In this case, if the father wanted to acknowledge the child, all he had to do was complete a paternity affidavit.  He has never done so. As he testified, he never gave anything for the support of the child. The mother did not keep her pregnancy a secret. She informed N.S. of the pregnancy at 5 weeks. She did not deny paternity.  N.S. had not filed for custody. His own texts state that he wanted to avoid claims upon him. In addition, he entered into the court records an email in which he states that he does not want to be “gouged” by the courts.  

It is pretty unbelievable that N.S., given his actions, inactions, and documented statements, would have wanted to start a court action.  In fact, in his response to the BCSE petition, N.S. made an objection to paternity testing.

  1. The mother receives public assistance, …etc.

Neither mother nor child received any public assistance, the mother had not applied for any, and the Department of Health and Human Services was in no way involved.

In short, the BCSE had no standing to bring the case.

The mother is not a lawyer.  She was both surprised and confused by the BCSE petition.  But as she informed herself, and looked at the law, it seemed pretty clear to her that the BCSE had no standing to file a case.  She spoke to several lawyers, who shared her confusion.

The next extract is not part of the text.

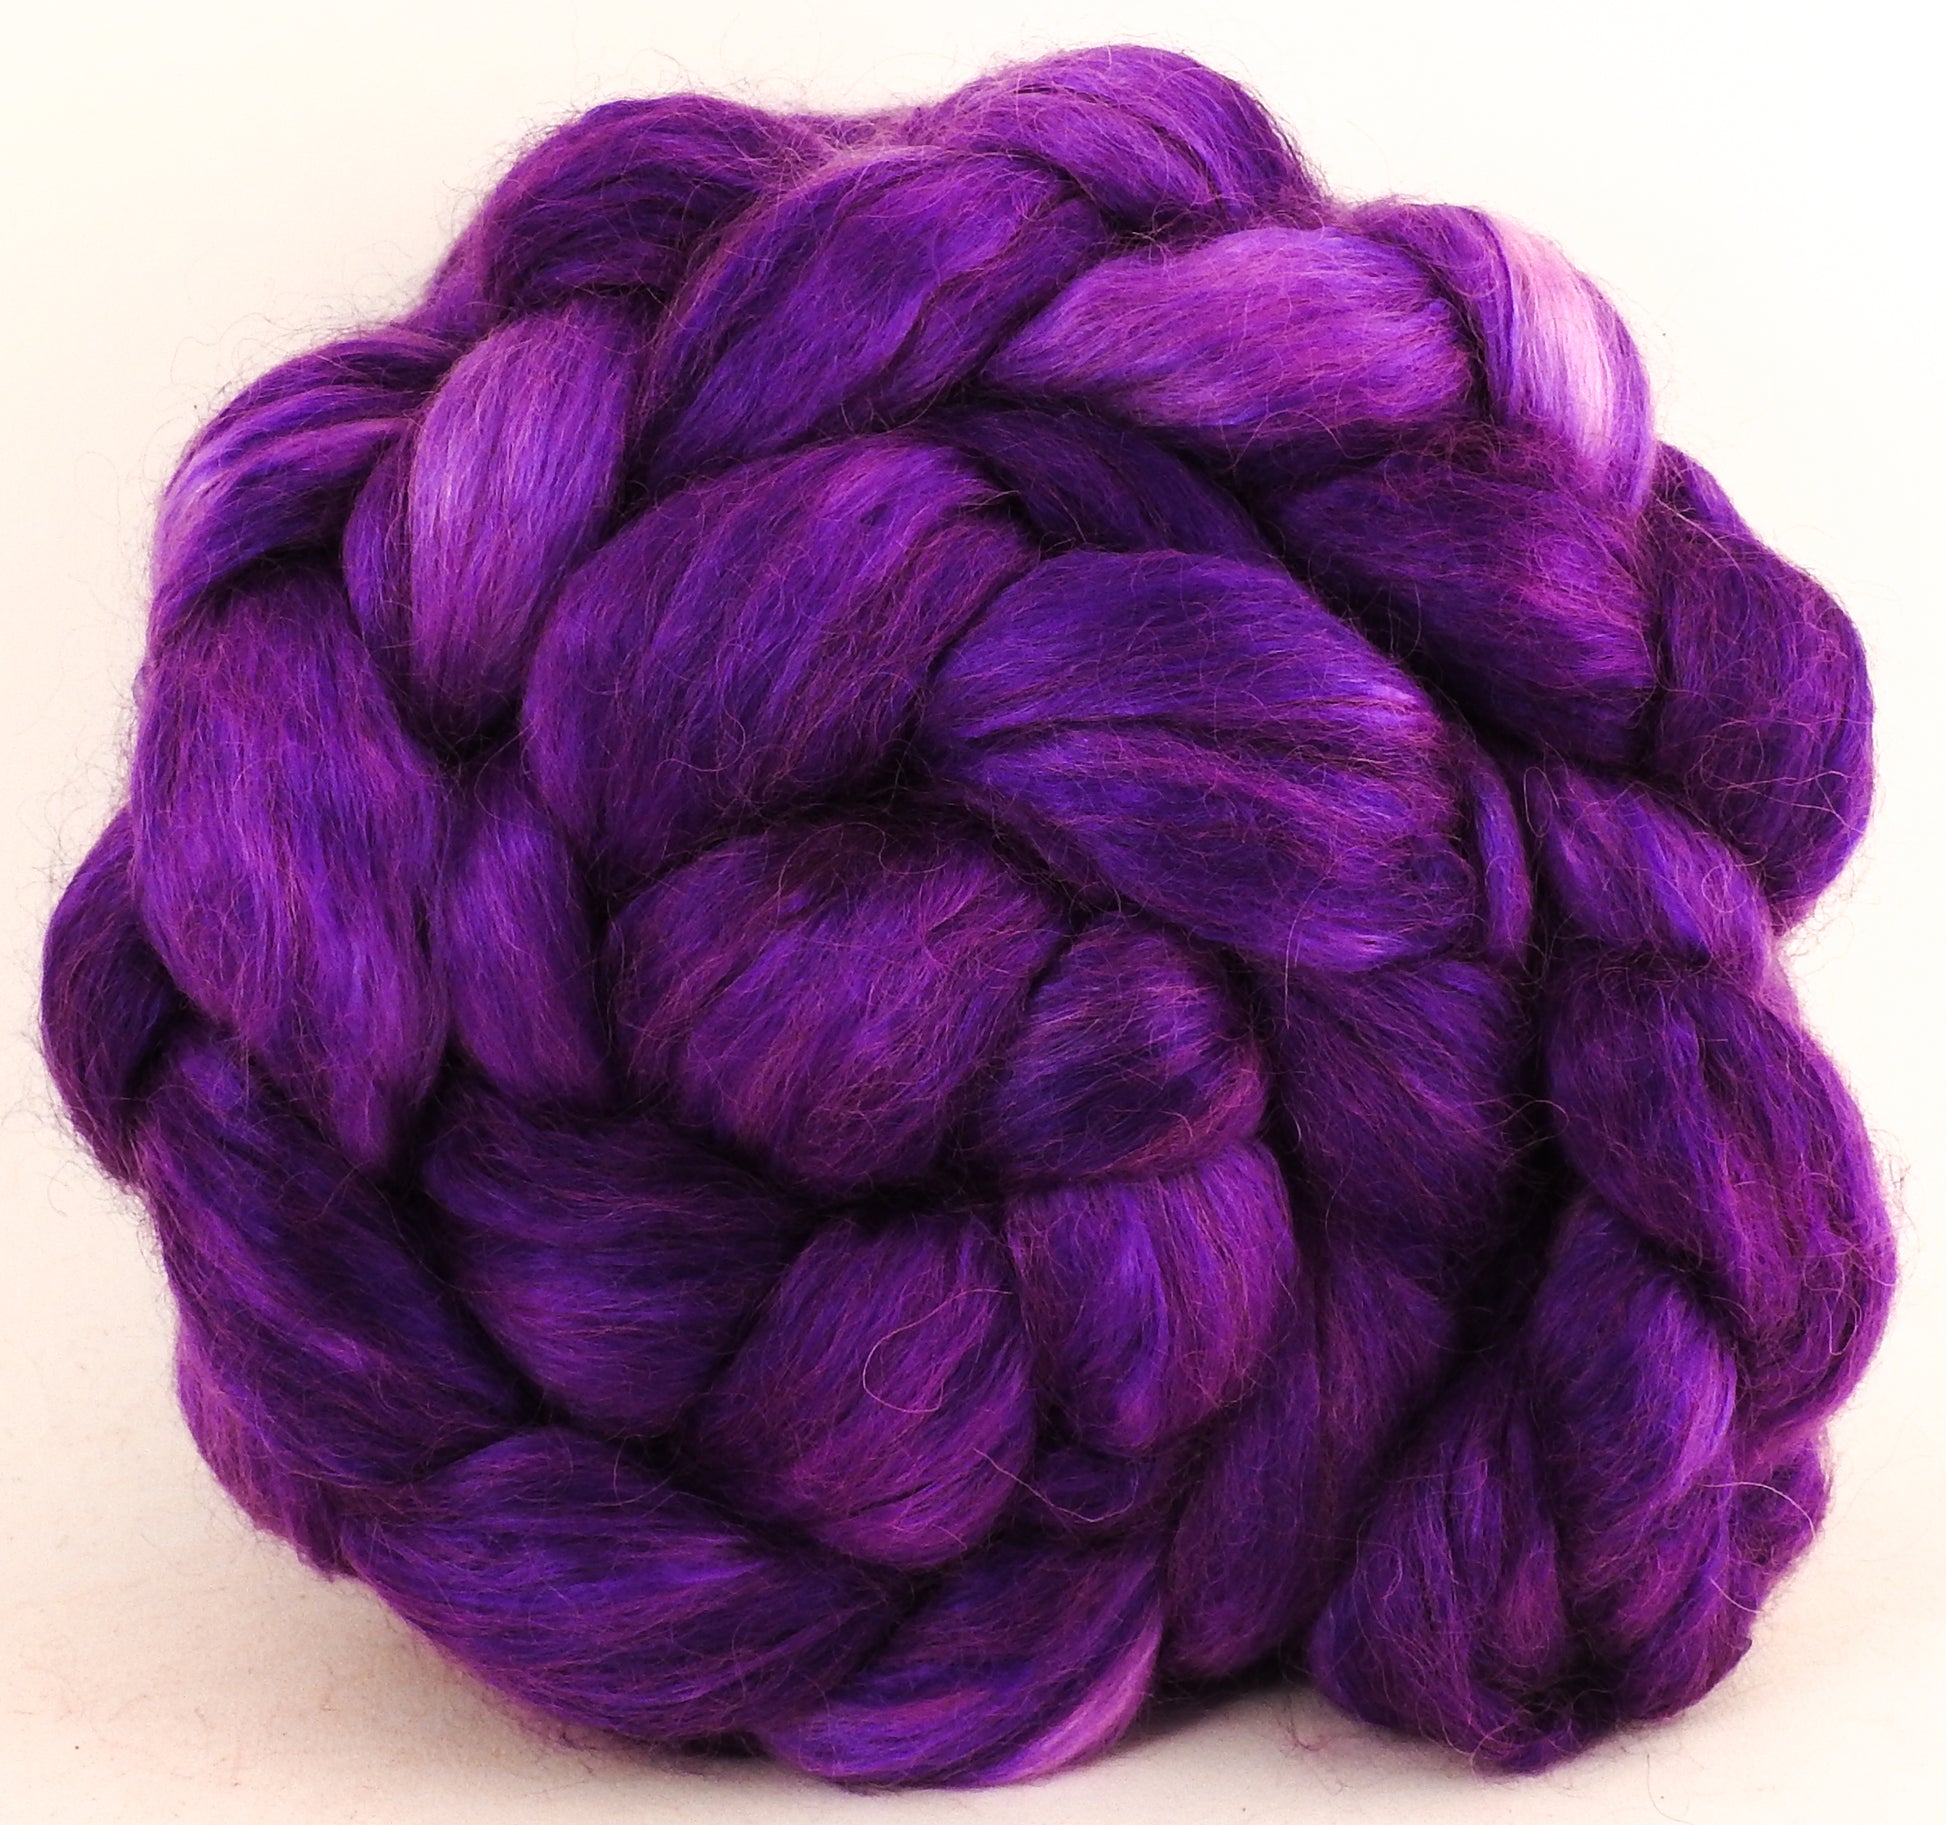 Hand-dyed wensleydale/ mulberry silk roving (65/35) - Vinca - Inglenook Fibers
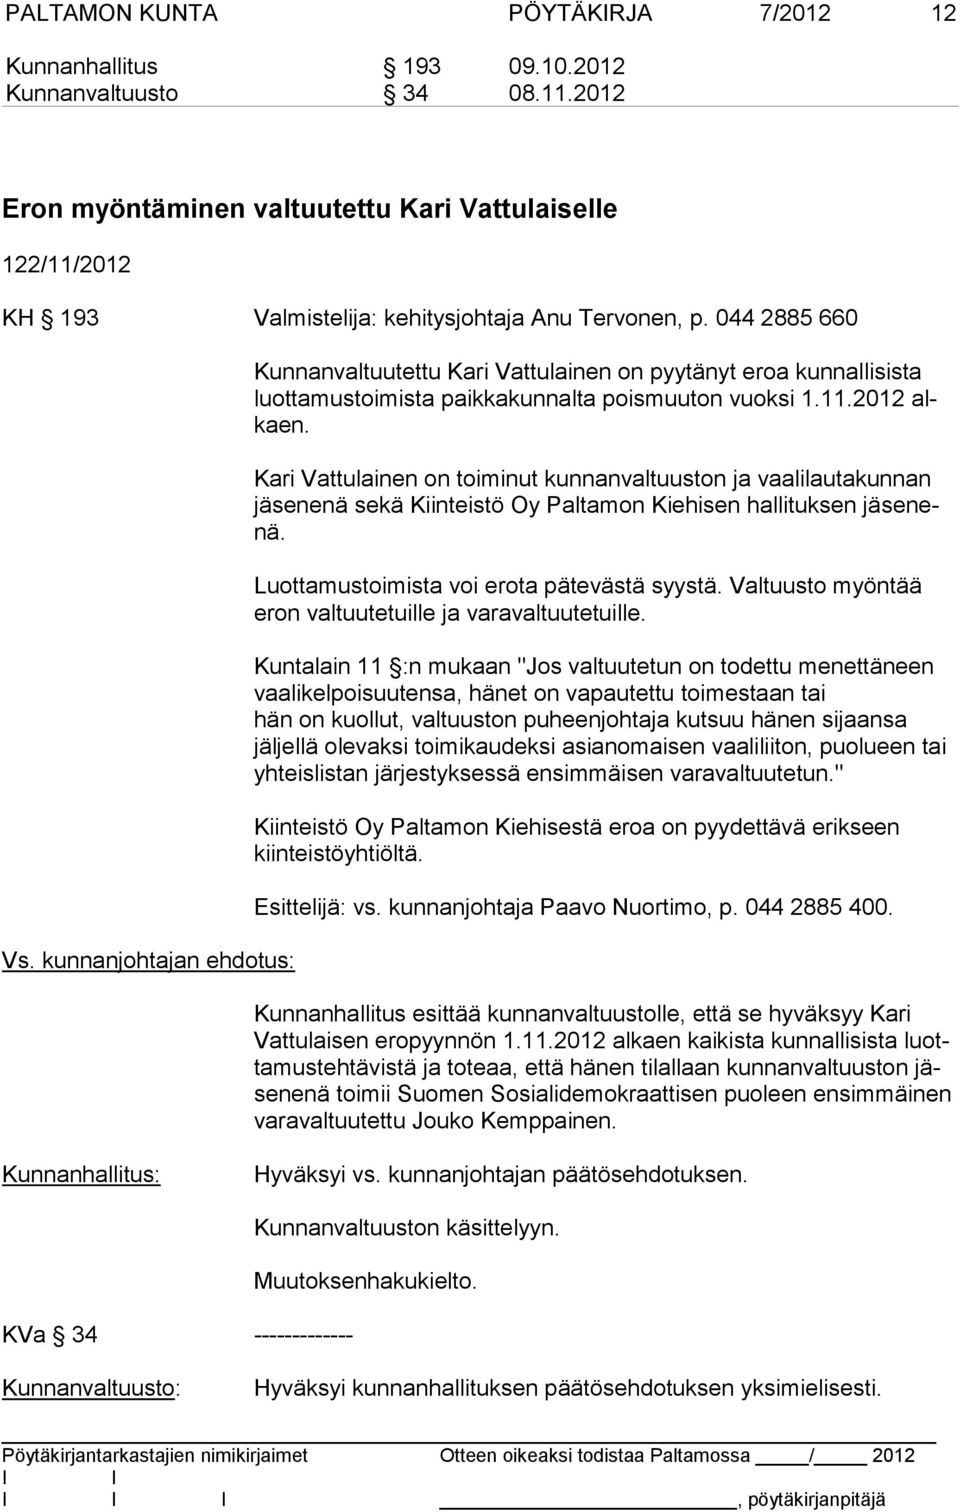 kunnanjohtajan ehdotus: Kunnanvaltuutettu Kari Vattulainen on pyytänyt eroa kunnallisista luot ta mus toi mis ta paikkakunnalta poismuuton vuoksi 1.11.2012 alkaen.

The DHHR had not applied to the BCSE. The mother had not applied to the BCSE.  The petition did not have attached to it any application by the father; and why would he, who had paid nothing and appeared determined to pay nothing, bring an action against himself for child support?

Subsequent events, where N.S. fought tooth and nail not to pay child support, validate the general confusion over this petition.  The mother asked Kristin Antolini, the lawyer she engaged to represent her, to object on the grounds that the BCSE had no standing, and to request to see the file that the BCSE was compiling on the mother and her child.  Kristin Antolini did not make the objections the mother requested.

Why did Kristin Antolini not object to the BCSE filing a case in which it had no standing?  Who was Kristin Antolini really representing while charging hourly fees to the mother?

 

Chapter 3: How Did This Case Get Into Court In The First Place?

Child custody cases, when the parents are not married, end up in court in several different ways.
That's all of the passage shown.